As one way of integrated order fulfillment in the omnichannel, the BOPS (Buy Online, Pick Up in Store) has been offered by the many retailers such as Target, Walmart, and Tesco. Consumers should pay the shipment fee if they choose to buy online and use home delivery service, or pay no fee if picking up in local stores. Some retailers such as Tesco also offer some convenience for the BOPS customers, such as drive-through service where shoppers drive to the store and take the goods without getting out their cars. There is a tendency that consumers adopt the BOPS service due to the free pickup and convenience of BOPS. About 42% of Internet users respond that the BOPS is appealing [4] and BOPS is used by more consumers, for example, 30% of Target.com’s online orders were fulfilled in stores [5]. Recently, there are several studies on the effect of BOPS. The total demand will increase due to cross-selling effect and channel shift effect [6], and the profit will increase under some conditions [710]. Meanwhile, BOPS usage will improve the frequency and amount of consumer purchases [11].

However, the existing literature fail to consider different product types, such as books or clothes. Books are more standardized products than clothes, which means consumers need to touch or try on before buying clothes than books due to fit uncertainty. Fit uncertainty is defined as the extent that consumers cannot decide whether the product fits before using it [12]. Fitness is a critical component for consumers shopping experiences, especially for nonstandardized products such as clothes and shoes. To lower the fit uncertainty, consumers prefer making physical purchases to buying online, especially when considering the product returns are costly to both consumers and retailers [13]. Some strategic consumers may visit the physical store first and then shop online and this will bring a new problem which is called search shopping phenomenon [14]. Search shopping phenomenon makes the consumer’s search cost higher. The retailers have tried many measures to lower this cost and make better consumer satisfaction, such as virtual try-on [15], free samples [16], and BOPS [6]. For example, Uniqlo, which is a Japanese clothing brand, offers BOPS for the consumers who buy clothes though Alibaba’s e-commerce platforms including Taobao and Tmall.

Different product types may affect the consumers’ willingness and frequency to use BOPS. According to retail and e-commerce [4], electronics are the most popular goods that respondents were willing to purchase through BOPS, but the fresh prepared meals and groceries stood out as the least appealing categories. How should retailers offer BOPS for different types of products from those with more fit uncertainty to ones with less fit uncertainty? How will fit uncertainty affect the effect of BOPS? Research studies are needed to examine the effect of BOPS on different types of product [7, 17]. Motivated by the above observations, we set out to study the effect of BOPS for the different product types with fit uncertainty. Hence, in this paper, we focus on the following research questions:(1)How does the BOPS service affect the demand and profitability for goods with fit uncertainty?(2)Should the retailer offer the BOPS service on goods with high fit uncertainty?(3)How do the level of fit uncertainty and other shopping cost affect the retailer’s performance?

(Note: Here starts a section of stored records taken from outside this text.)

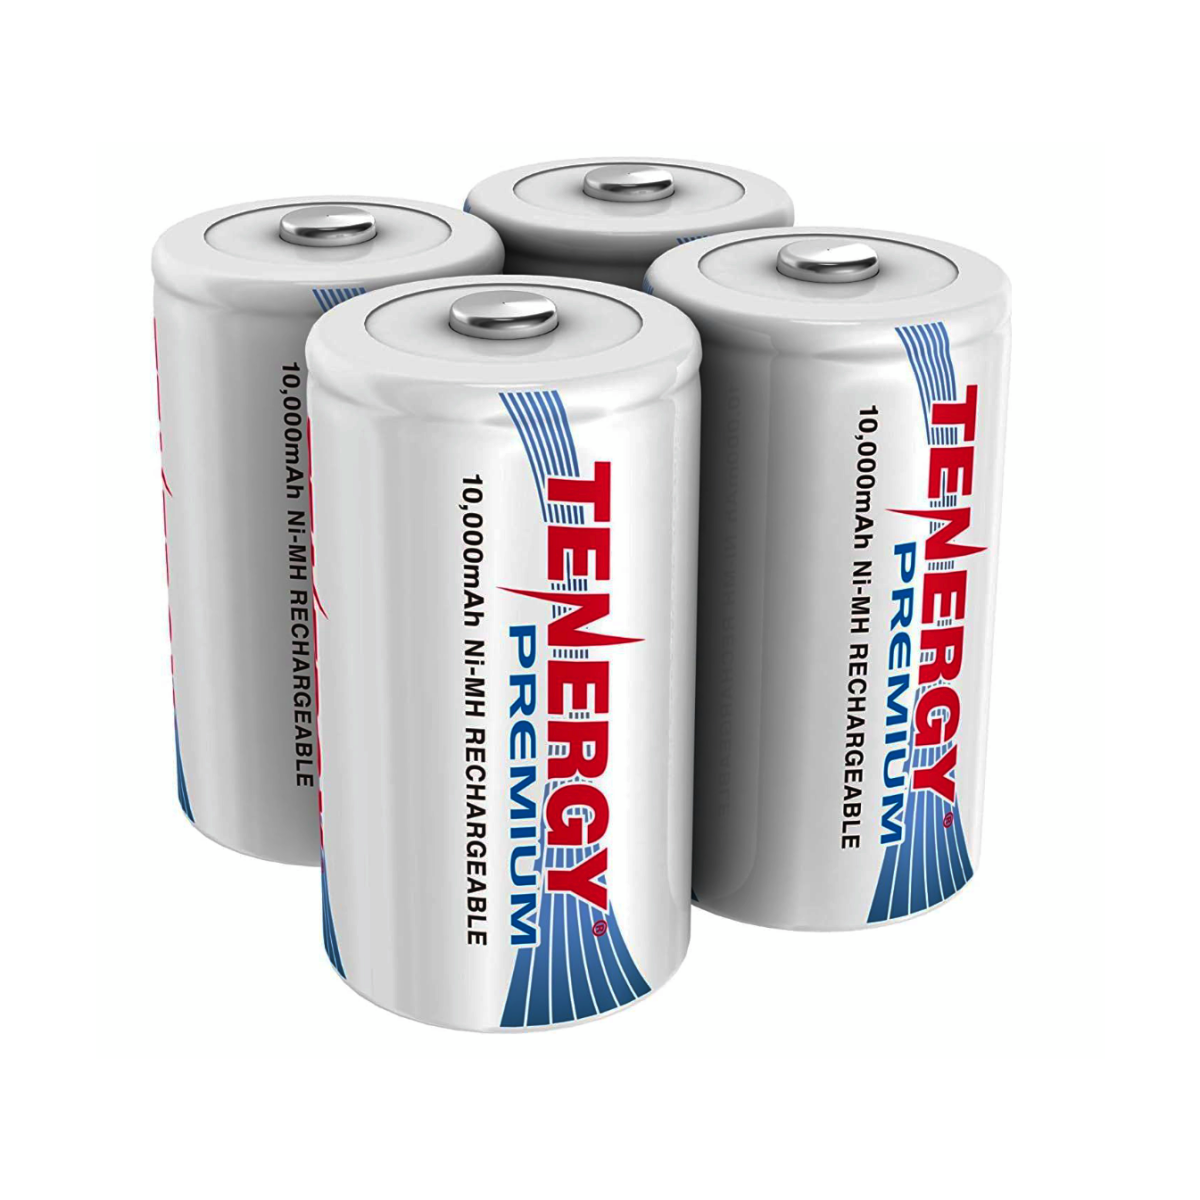 Four Tenergy Premium D batteries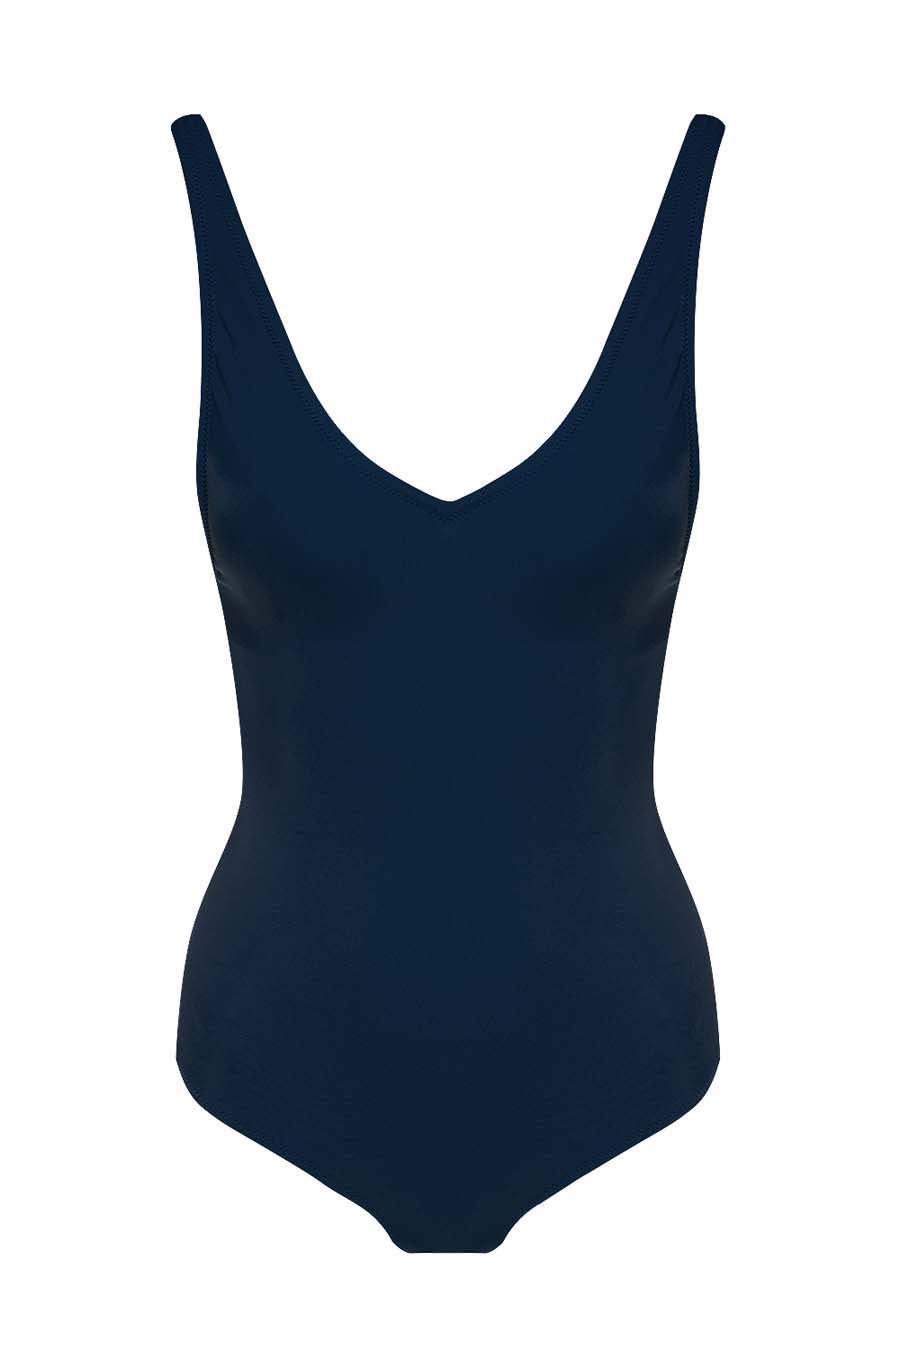 Belle Navy Blue Swimsuit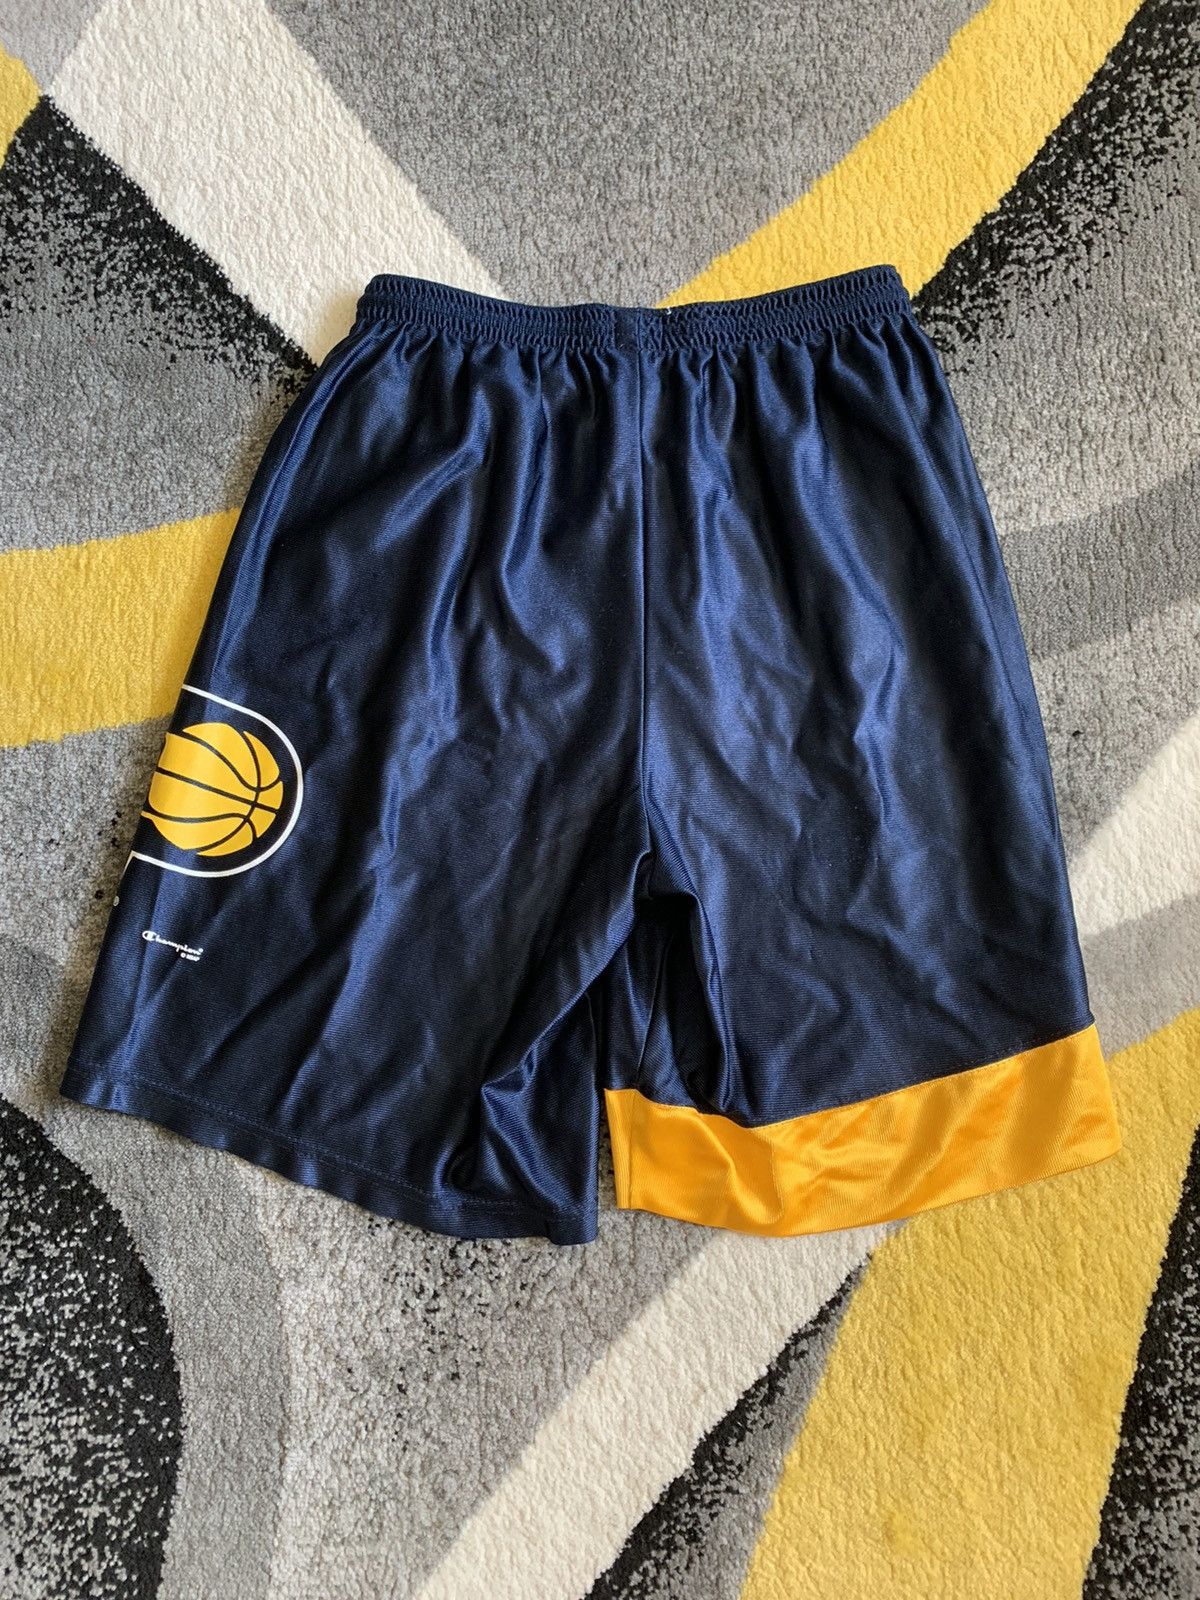 Vintage Indiana Pacer 90s Basketball Shorts Size US 30 / EU 46 - 3 Thumbnail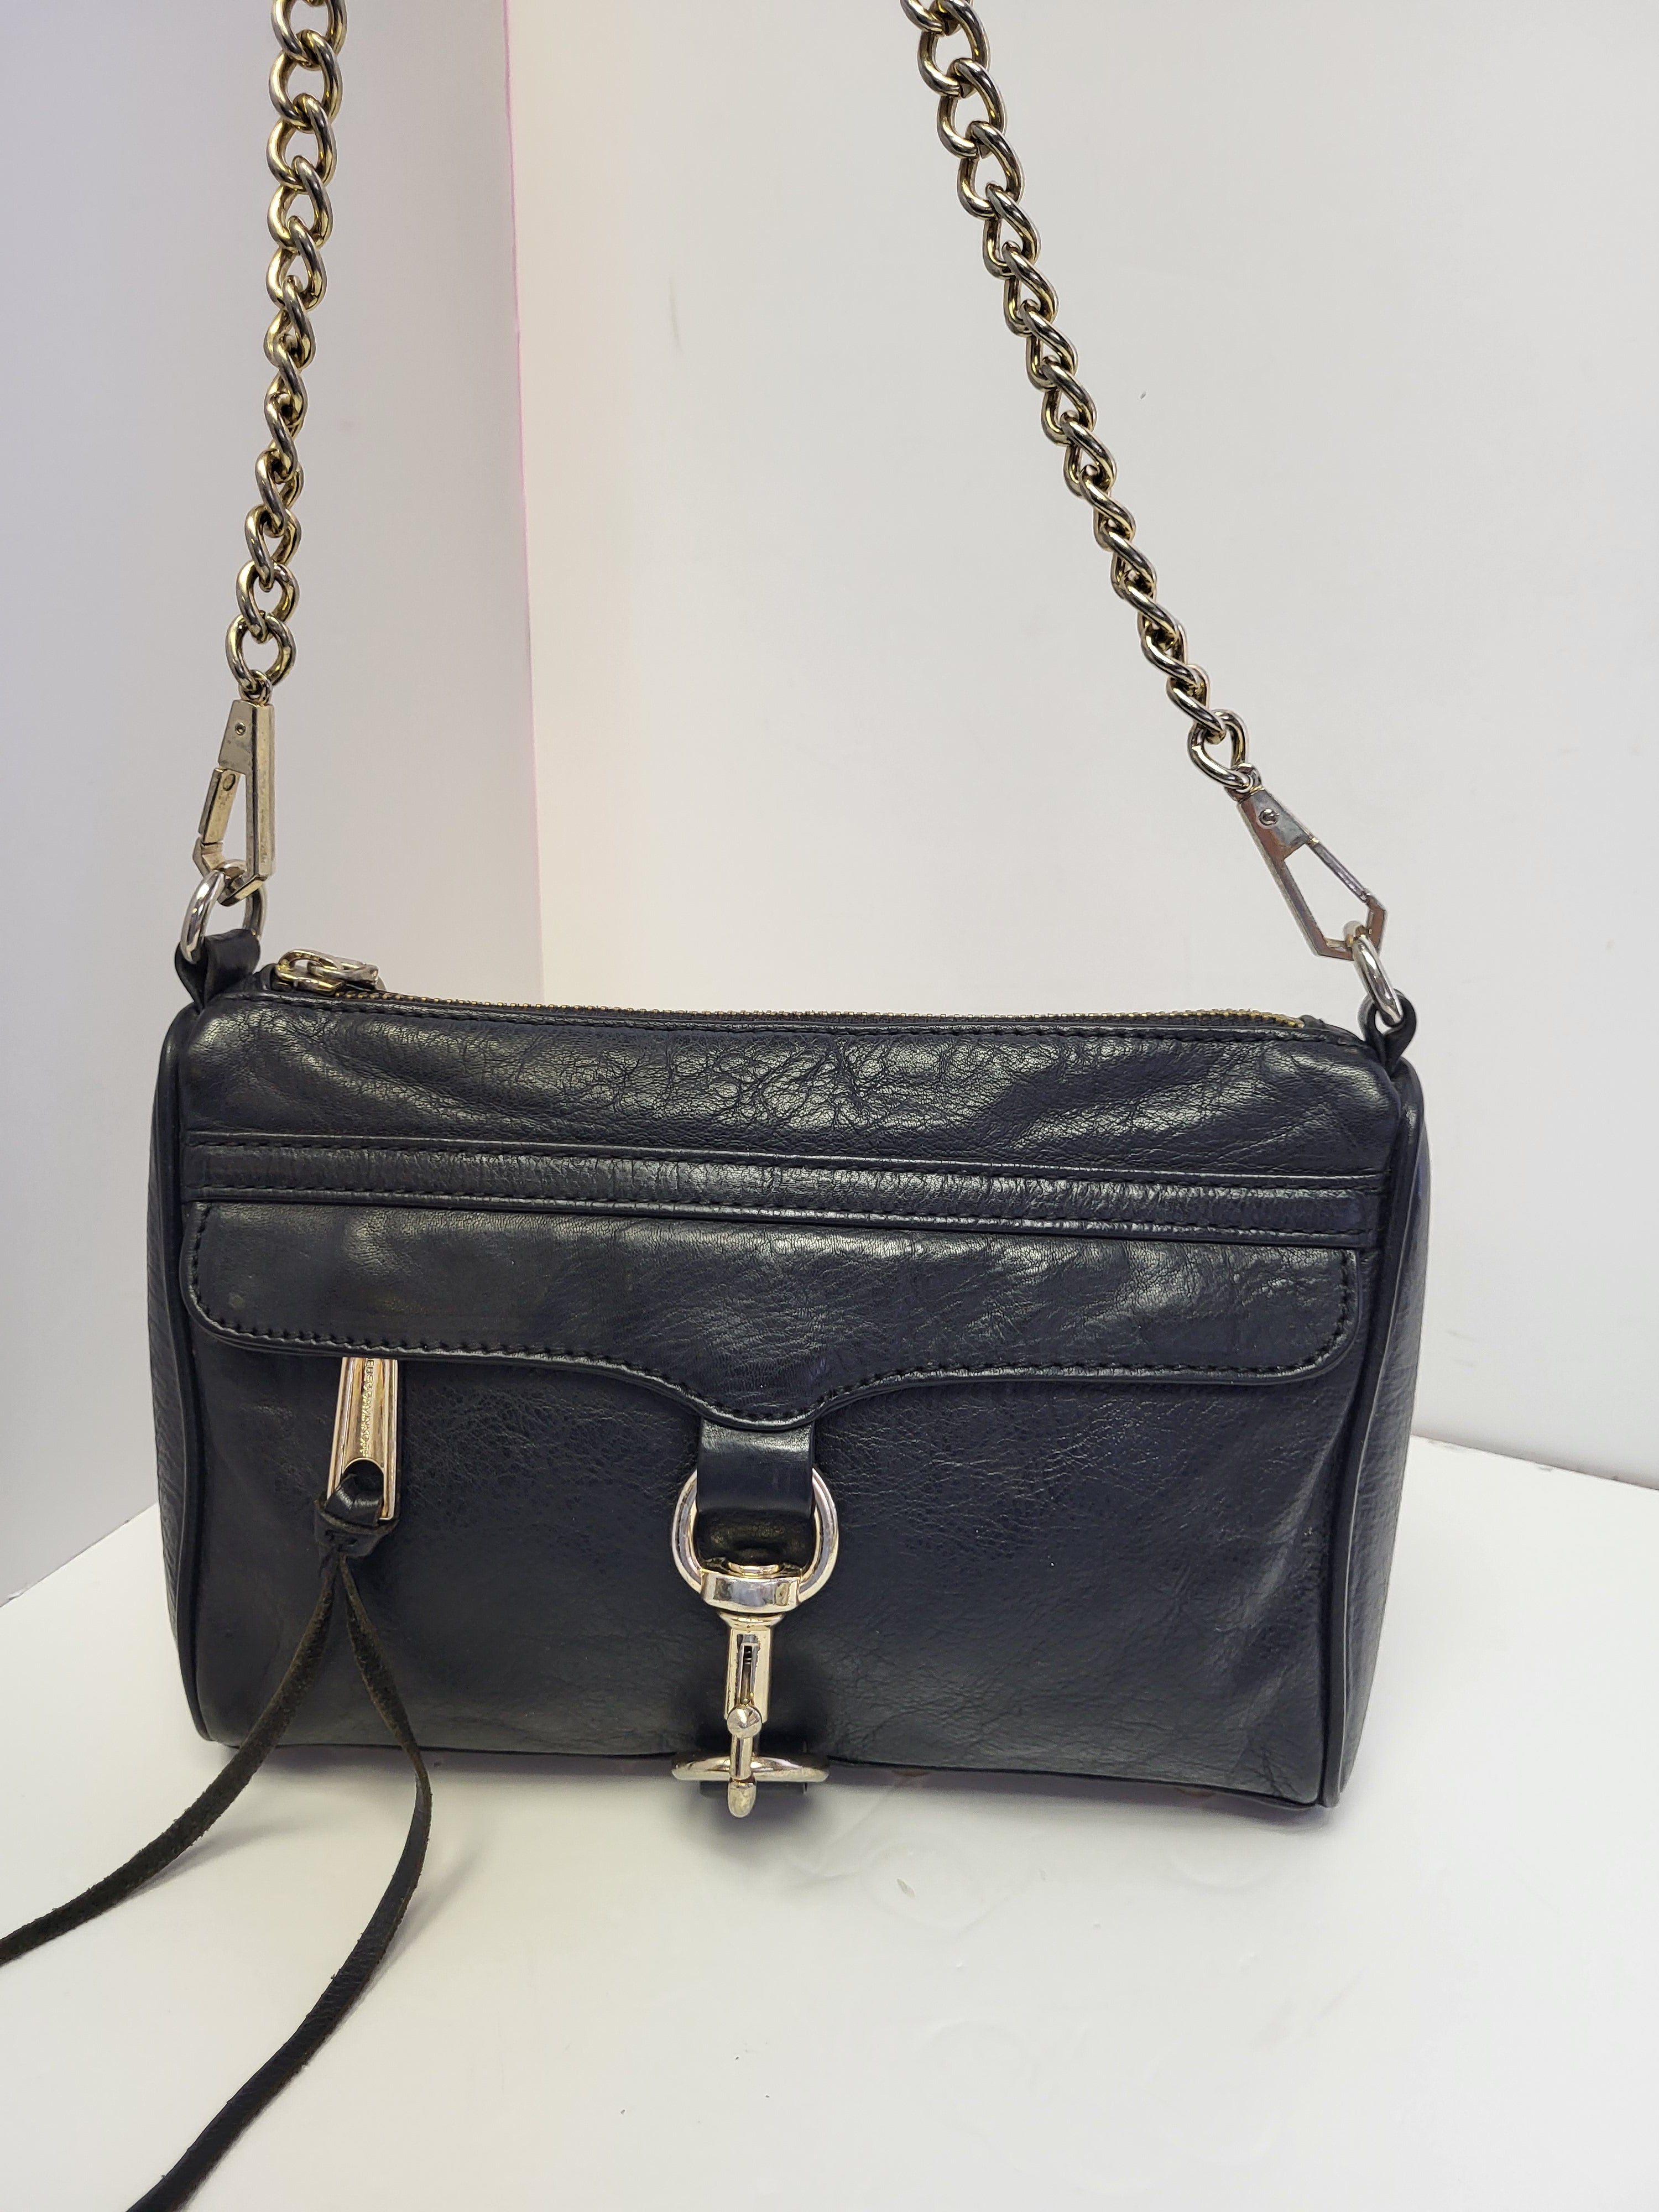 Rebecca Minkoff Black Leather Small Shoulder Bag

To address these questions, a benchmark model that a retailer who operates dual channels without BOPS service is first constructed. The effect of BOPS from the perspective of the retailer is analyzed. The model is later extended to optimize the convenience degree of BOPS. We show that the retailers should be conscious to offer the BOPS for the goods with fit uncertainty. We identify that the retailer should offer BOPS when the channel cost ratio (the shipment fee divided by the average store visit cost) is high enough. The total demand will increase due to channel shift effect that consumers switch to BOPS from store channel and generate some new demand. It is interesting to find that the retailer’s profit ratio increases with fit uncertainty.

The remainder of this paper is organized as follows. The related literature is reviewed in Section 2. The model of benchmark case without BOPS is introduced in Section 3. In Section 4, the detailed analysis of BOPS service is presented. In Section 5, the optimizing convenience degree of BOPS service is discussed. Finally, the implications and limitations of this research are concluded in Section 6.

2. Relevant Literature

BOPS is related to the integration between online and offline channels, where the online shopping behavior interacts with the offline store picking up experience. Our work is primarily related to three streams of research: dual-channel strategy, BOPS service, and fit uncertainty. We discuss each of these streams as follows.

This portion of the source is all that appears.